Clorox on Thursday reduced its annual profit forecast, citing softer consumer demand for its cleaning products alongside higher operating costs. The company said that elevated energy, fuel and freight expenses - which it linked to the impact of the U.S.-Israeli war on Iran - have prompted consumers to pare back discretionary purchases such as branded floor cleaners and disinfectant sprays, creating pressure on margins.
Management lowered its full-year adjusted earnings-per-share guidance to a range of $5.45 to $5.65, down from the previous $5.95 to $6.30 projection. The company also said it now expects its annual gross margin to decline by 250 to 300 basis points. Clorox attributed the margin headwind to the higher energy and freight costs as well as to costs associated with its recently completed acquisition of GOJO Industries, the maker of Purell.
Earlier this month Clorox finalized the purchase of GOJO as part of a strategy to broaden its footprint in the health and hygiene category. The company noted that integration-related costs from the deal are among the factors weighing on near-term profitability.
"Looking ahead, we recognize there is more work to do in what continues to be a challenging consumer and cost environment," CEO Linda Rendle said.
Clorox revised its view of full-year net sales growth as well. The company now expects annual net sales to decline 6%, compared with its earlier projection that called for a decline in the 6% to 10% range.
For the most recent quarter, the maker of Pine-Sol reported adjusted earnings of $1.64 per share, topping the $1.55-per-share estimate compiled by LSEG. Quarterly revenue totaled $1.67 billion, a figure the company said was largely consistent with analysts' expectations.
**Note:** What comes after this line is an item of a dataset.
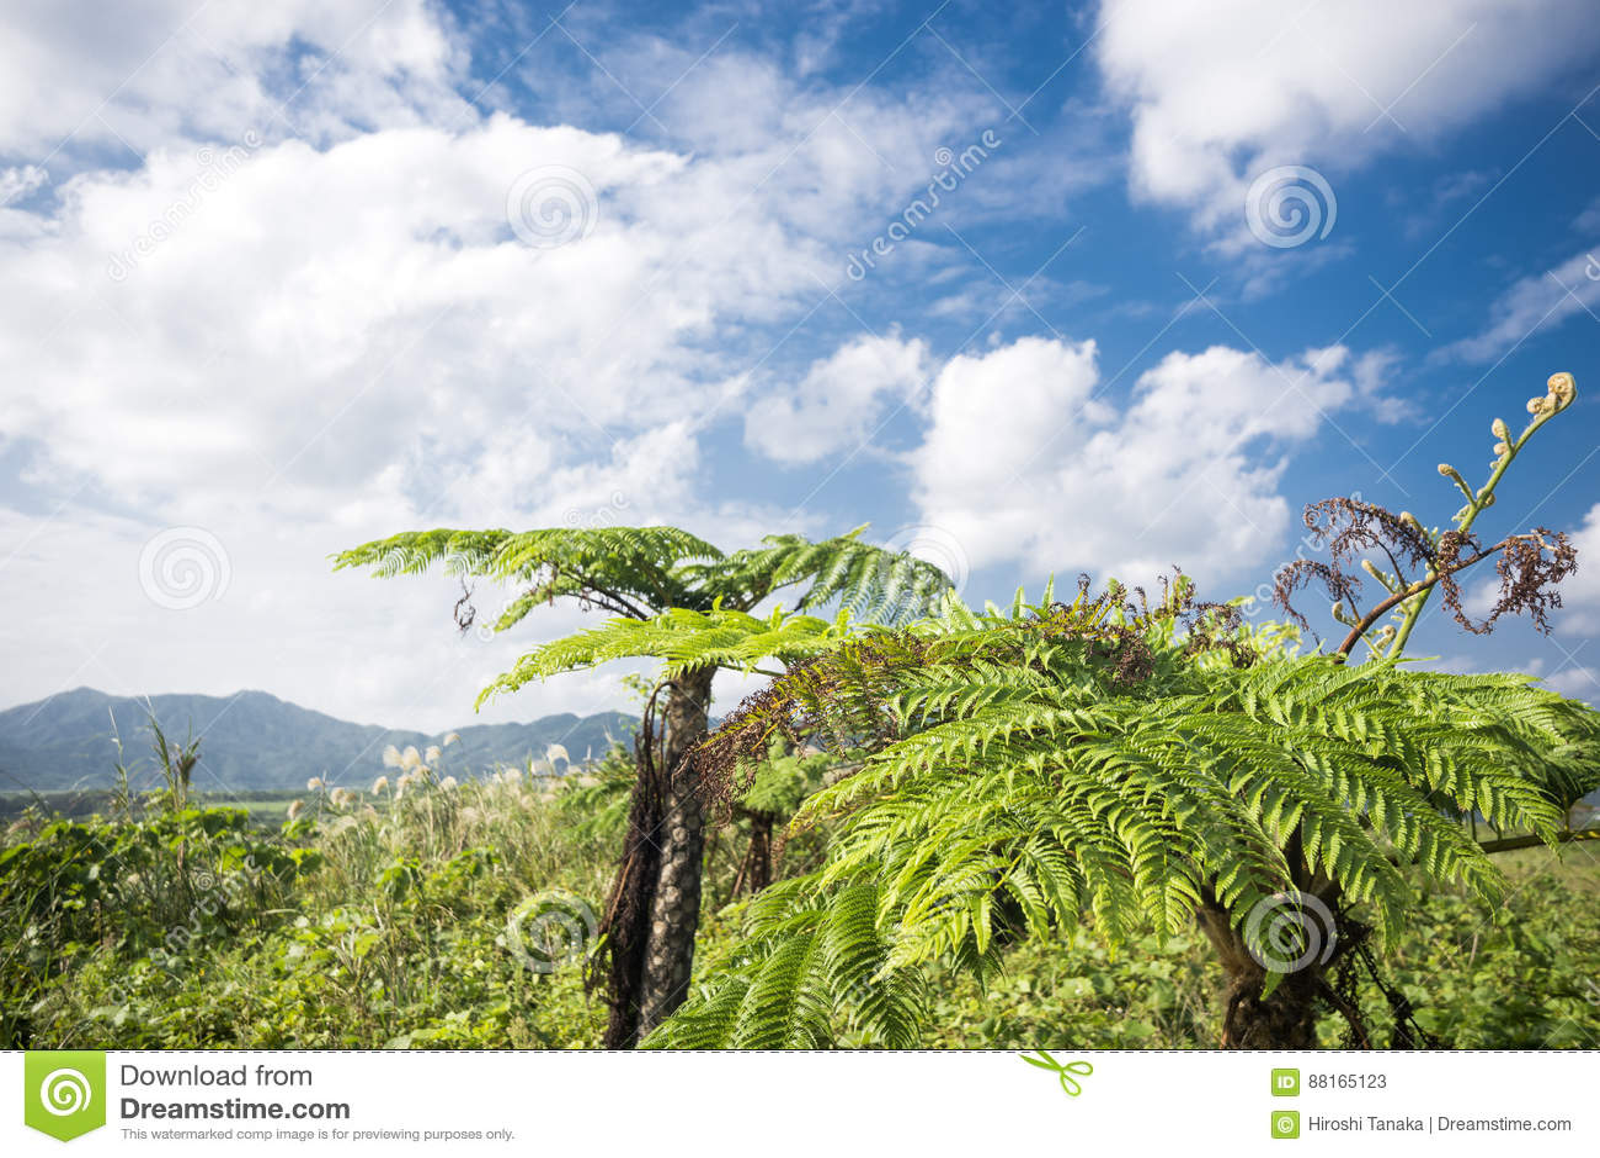 Helecho de árbol espinoso
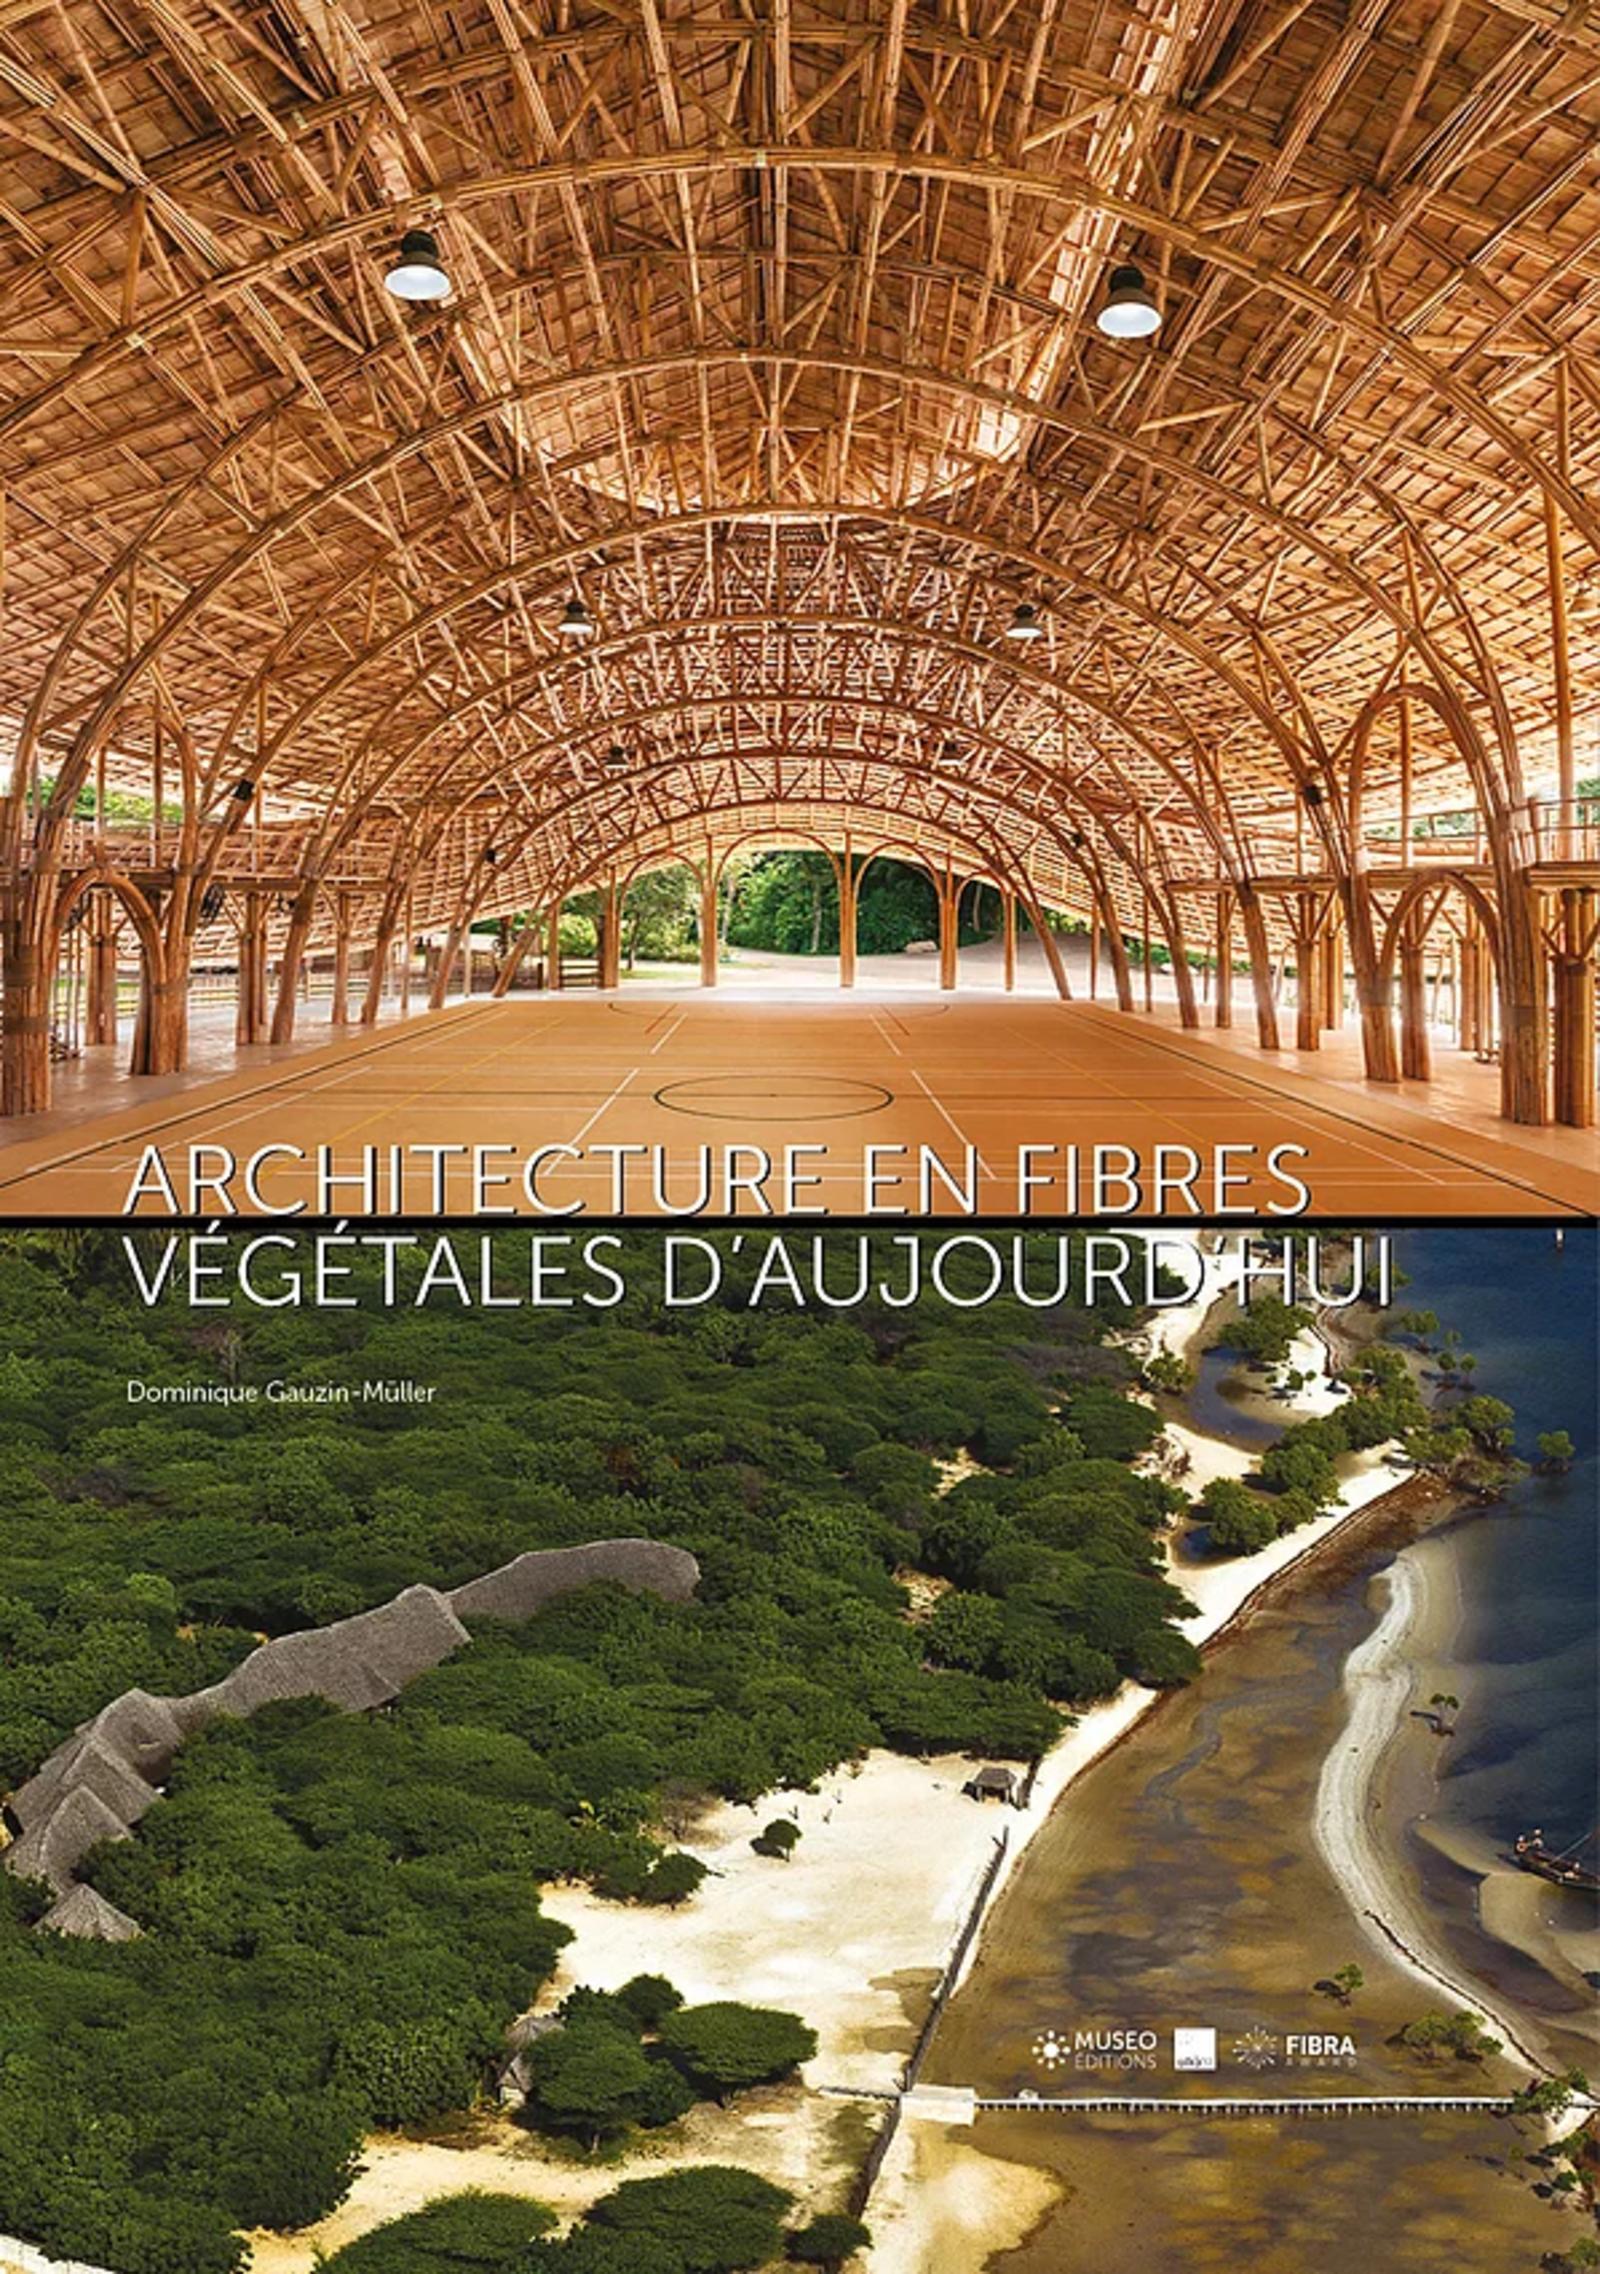 ARCHITECTURE EN FIBRES VEGETALES D'AUJOURD'HUI

In explaining the guidance changes, Clorox emphasized the dual impact of softer end-user demand for certain cleaning categories and rising cost inputs tied to energy and transportation. Those cost pressures were singled out alongside one-time and integration costs linked to the GOJO acquisition as contributors to the anticipated gross margin contraction.
The company did not provide additional forward-looking detail beyond the revised guidance ranges and the qualitative explanation that consumer behavior and elevated cost levels remain primary near-term challenges.
Bottom line: Clorox trimmed its annual adjusted EPS outlook and warned of a 250-300 basis-point hit to gross margins amid weaker demand for cleaning products and higher energy, fuel and freight costs, while noting acquisition-related costs from GOJO.